I tend not to think that 'smart' implied pure intellect as it would seem to lean more towards spiritual discernment. I cannot help but be reminded of Dion Fortune's Chapter VI on Hauntings in her occult classic "Psychic Self Defense" where she stated without apology that, "To perceive a 'haunting,' one needs, as a general rule, to be slightly psychic; it is for this reason that children, Celts and the coloured races suffer severely from such interferences, and the stolid Nordic type is comparatively immune."  

As intriguing as I find her observations & perception of racial karma and its astral capacity, the point here that strikes me as being relevant is that there are indeed variations in spiritual perception, sensory skill and discernment (being a natural ability that may be perfected with practice).  Just as there are various kinds of intelligence that one might be born with, there appears to be a great variance in people's ability to resonate with spiritual concepts or experience spiritual phenomena.  As the substance of the Craft of building that house not made with hands is undoubtedly spiritual in essence, to properly build one must be a receptive vessel for Divine Inspiration.  This is not possible with dismissive and narrow outlooks. 

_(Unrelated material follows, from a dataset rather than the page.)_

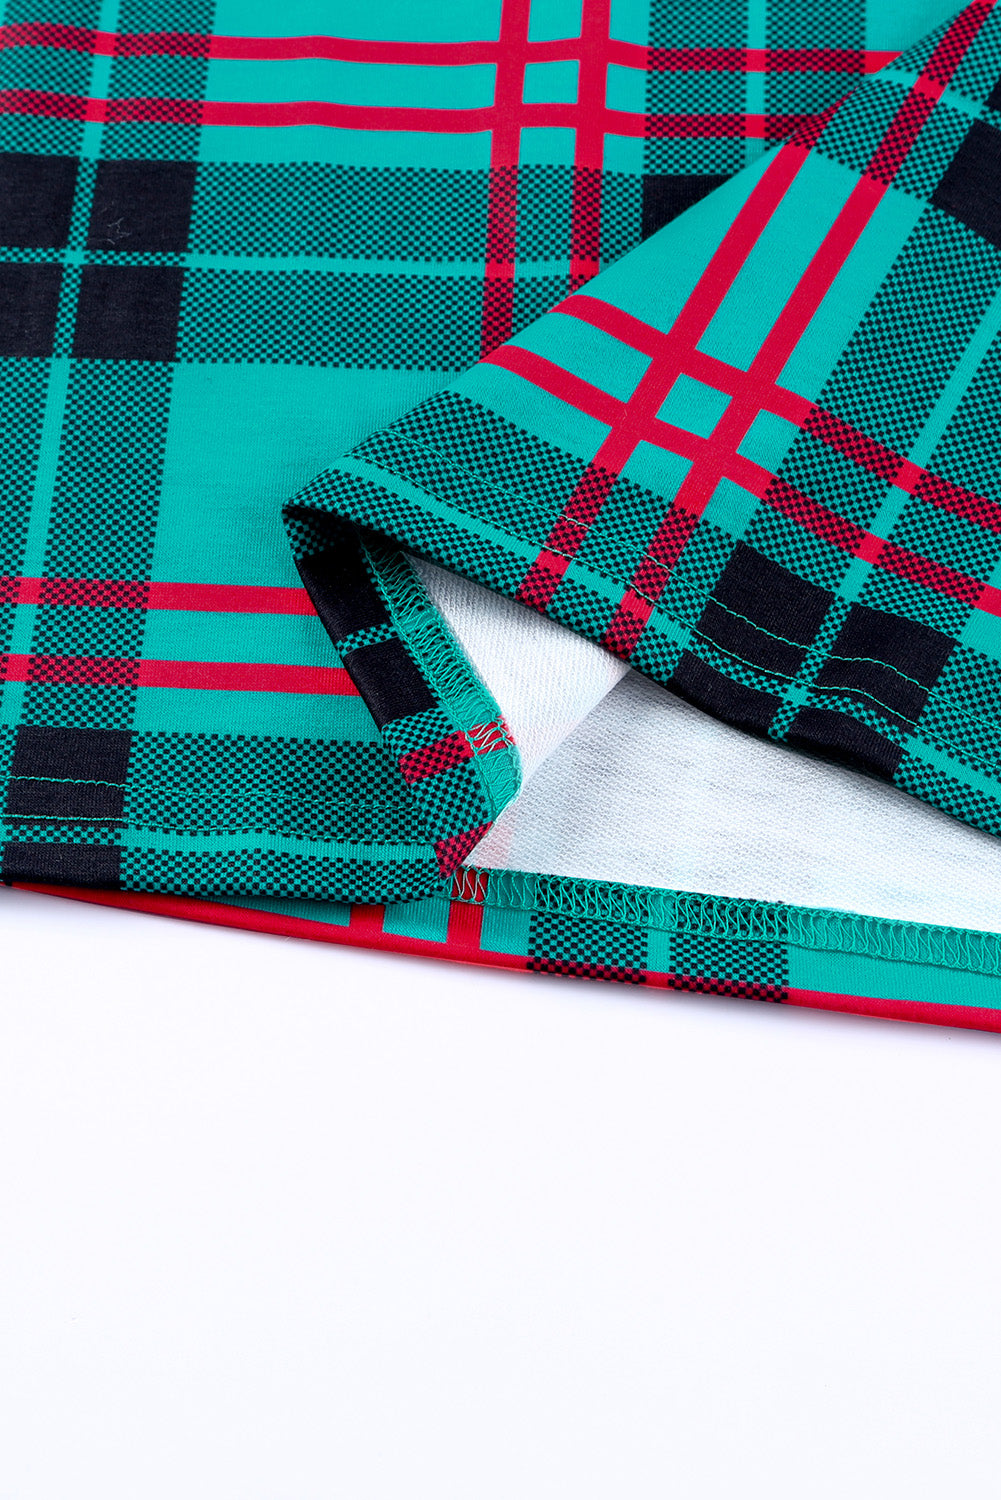 Green Plaid Print Long Sleeve Top and Drawstring Joggers Pajama Set - US2EInc Apparel Plug Ltd. Co

Mystics successful in their life’s journey often come to an epiphany early on in their youth where they realize that the reactionary doubt that can arise in reaction to a notion or tale of the Supernatural shared by a fellow man is something to be subdued as it is the very restraint that keeps a profane man from insight into the little known sciences and realities of the unseen.  The subjacation of such a flaw in the Mystic’s character goes hand in hand with the Masonic Art were we develop the Listening Ear which itself works quite well with the Silent Tongue.